What has made this country great, are just the virtues Anchee Min now rightly accuses the American born citizens of abandoning. History tells us of the newly arriving immigrant coming to these shores with nothing but the shirt on their backs and a few dollars in their pockets, working hard to make ends meet and with each new generation within their families things got better. Recent history, within the last fifty years, has seen a shift to the " entitled " mentality that has been used by political groups to seek favor with their constituents. Promises of free everything, citizenship, food, education, health care, and more makes our countrymen feel entitled because our leaders have told us we are entitled. This has become the United States Cultural Revolution, and unfortunately I feel until we have suffered the same fate as the citizens of China we wont stop this self destructive behavior. God Bless the USA and may he wake us all up soon.

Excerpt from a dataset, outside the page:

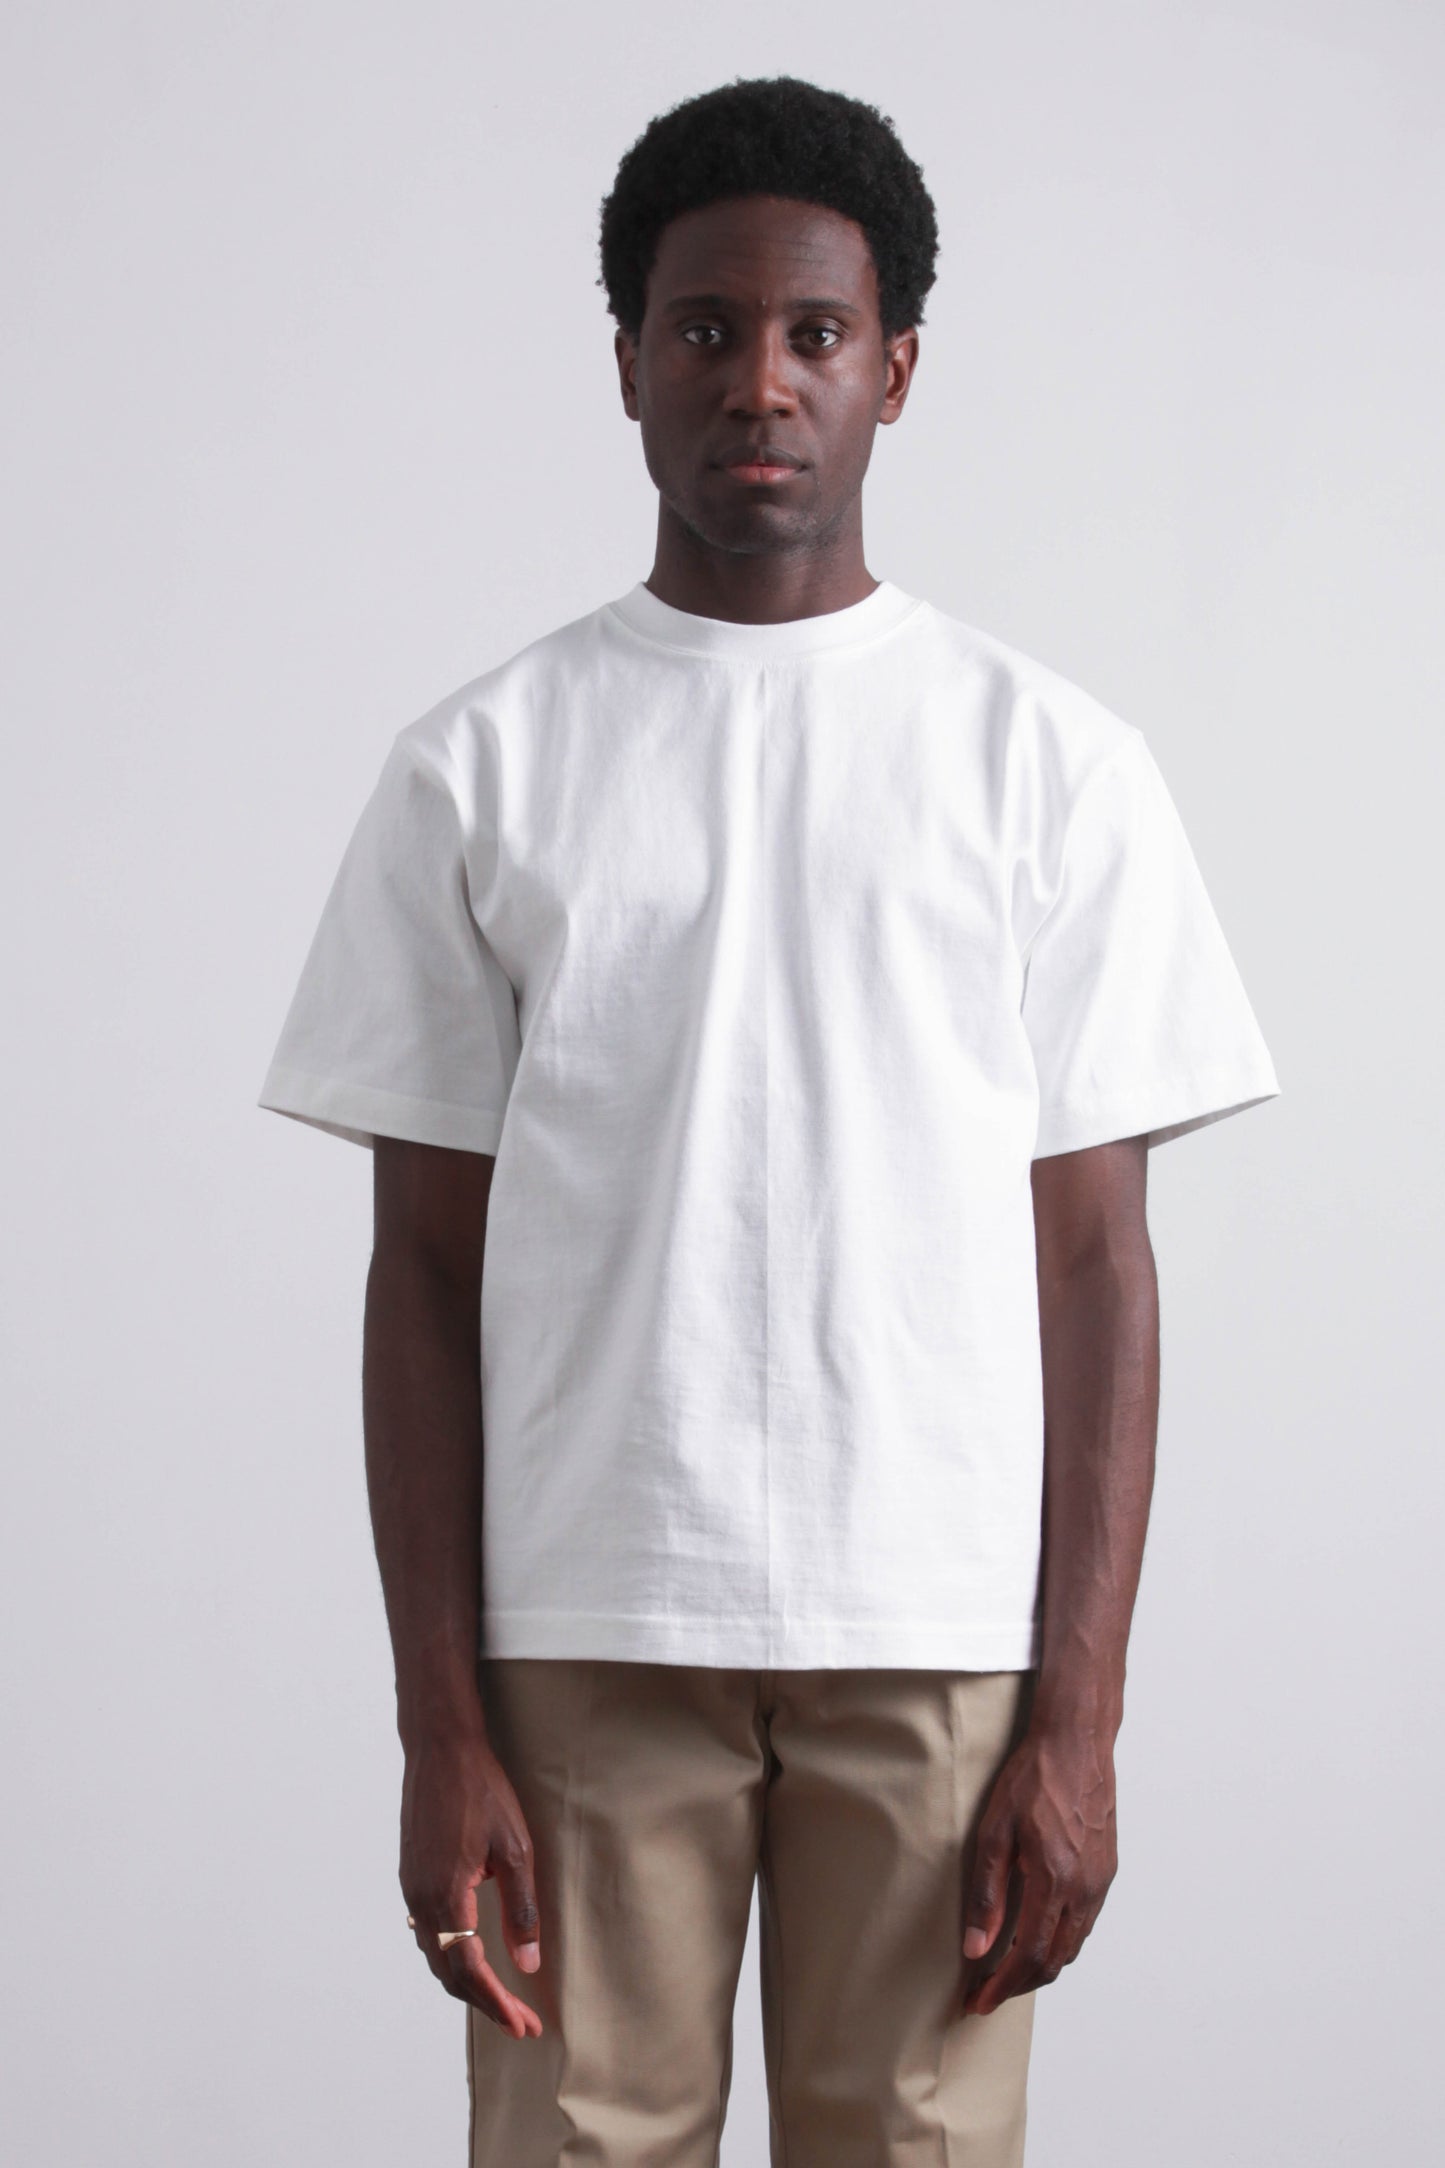 CAMBER White T-shirt Max-weight suuupply – - USA

I listened to the interview twice and completely agreed with Anchee Min's perspective on the negative values American society posses. I recently moved from the Midwest to Southern CA, and wow, what a change in values and perspectives. I don't think either culture is right or wrong, but I'm proud that I was raised not getting whatever I wanted, not being able to come and go as I pleased, and having to work for what I wanted.
I'm sick of people not appreciating the consequences of their actions,... I'm tired of listening to people complain about high gas prices who drive SUV or people complain about their mortgage payments on houses they really couldn't afford.
I've been extremely broke in the past, living off of a part time job, going to college, and getting loans for school. I also studied abroad and survived off of the small amount of money I had saved. That was only a few years ago, but I'm doing better now during this crisis then I did in the past four years of college.
I hope the economic issues wake people up to values that fall outside of money and entitlement, such as responsibility, hard work, and ingenuity. I believe Americans still hold these things are important, but I think they got lost at the wayside of an explosion of economic growth.
I'm staying positive and thankful for the abundances I do have.

As a teacher of American literature, I was very interested in hearing Anchee Min's remarks and hope to integrate them into my lesson on the American Dream. Fifteen year old girls can be extremely self-centered, and I'd like them to hear the immigrant view of the American Dream and American character.